On Tue, Jul 26, 2016 at 11:14:52AM +0200, Eric Dumazet wrote:
>On Tue, 2016-07-26 at 11:50 +0800, Fengguang Wu wrote:
>> Greetings,
>>
>> This BUG message can be found in recent kernels as well as v4.4 and
>> linux-stable.
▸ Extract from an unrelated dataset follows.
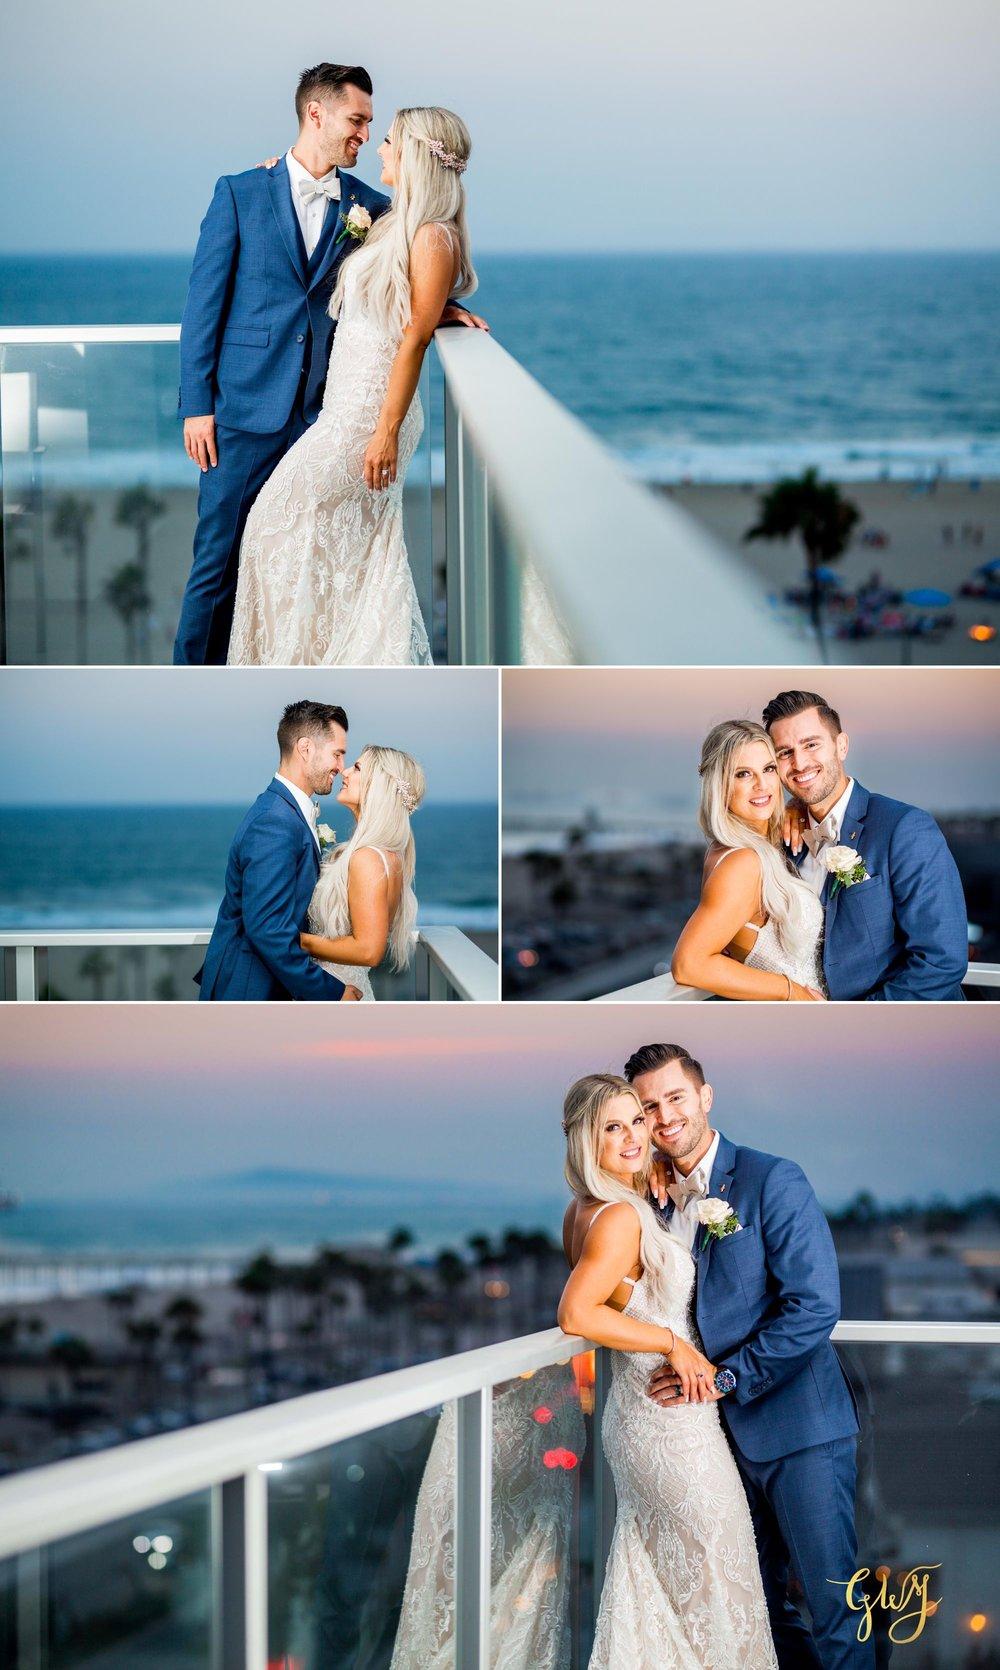 Christien + Crystal Pasea Hotel & Spa Huntington Beach Wedding by Glass Woods Meida 2 10.jpg

It happens when running
>>
>> modprobe netconsole netconsole=@/,$port@$server/
>>
>> [ 39.937534] 22 Jul 13:30:40 ntpdate[440]: step time server 192.168.1.1 offset -673.833841 sec
>> [ 39.943285] netpoll: netconsole: local port 6665
>> [ 39.943436] netpoll: netconsole: local IPv4 address 0.0.0.0
>> [ 39.943609] netpoll: netconsole: interface 'eth0'
>> [ 39.943756] netpoll: netconsole: remote port 6672
>> [ 39.943913] netpoll: netconsole: remote IPv4 address 192.168.1.1
>> [ 39.944099] netpoll: netconsole: remote ethernet address ff:ff:ff:ff:ff:ff
>> [ 39.944311] netpoll: netconsole: local IP 192.168.1.193
>> [ 39.944514] BUG: sleeping function called from invalid context at kernel/irq/manage.c:110
>> [ 39.944515] in_atomic(): 1, irqs_disabled(): 1, pid: 448, name: modprobe
>> [ 39.944517] CPU: 6 PID: 448 Comm: modprobe Not tainted 4.7.0-rc7-wt-ath-10122-gf9b5ec2 #102
>> [ 39.944518] Hardware name: /DZ77BH-55K, BIOS BHZ7710H.86A.0097.2012.1228.1346 12/28/2012
>> [ 39.944522] 0000000000000000 ffffc90001f2f9e8 ffffffff813417d9 ffff88007faba5c0
>> [ 39.944524] 000000000000006e ffffc90001f2fa00 ffffffff810aec03 ffffffff81a25948
>> [ 39.944525] ffffc90001f2fa28 ffffffff810aec9a ffff8803e5bd9400 ffff8803e50fbd68
>> [ 39.944526] Call Trace:
>> [ 39.944533] [<ffffffff813417d9>] dump_stack+0x63/0x8a
>> [ 39.944536] [<ffffffff810aec03>] ___might_sleep+0xd3/0x120
>> [ 39.944537] [<ffffffff810aec9a>] __might_sleep+0x4a/0x80
>> [ 39.944541] [<ffffffff810e4638>] synchronize_irq+0x38/0xa0
>> [ 39.944543] [<ffffffff810e3c8e>] ? __irq_put_desc_unlock+0x1e/0x40
>> [ 39.944545] [<ffffffff810e48e3>] ? __disable_irq_nosync+0x43/0x60
>> [ 39.944547] [<ffffffff810e492c>] disable_irq+0x1c/0x20
>> [ 39.944559] [<ffffffffa0220932>] e1000_netpoll+0xf2/0x120 [e1000e]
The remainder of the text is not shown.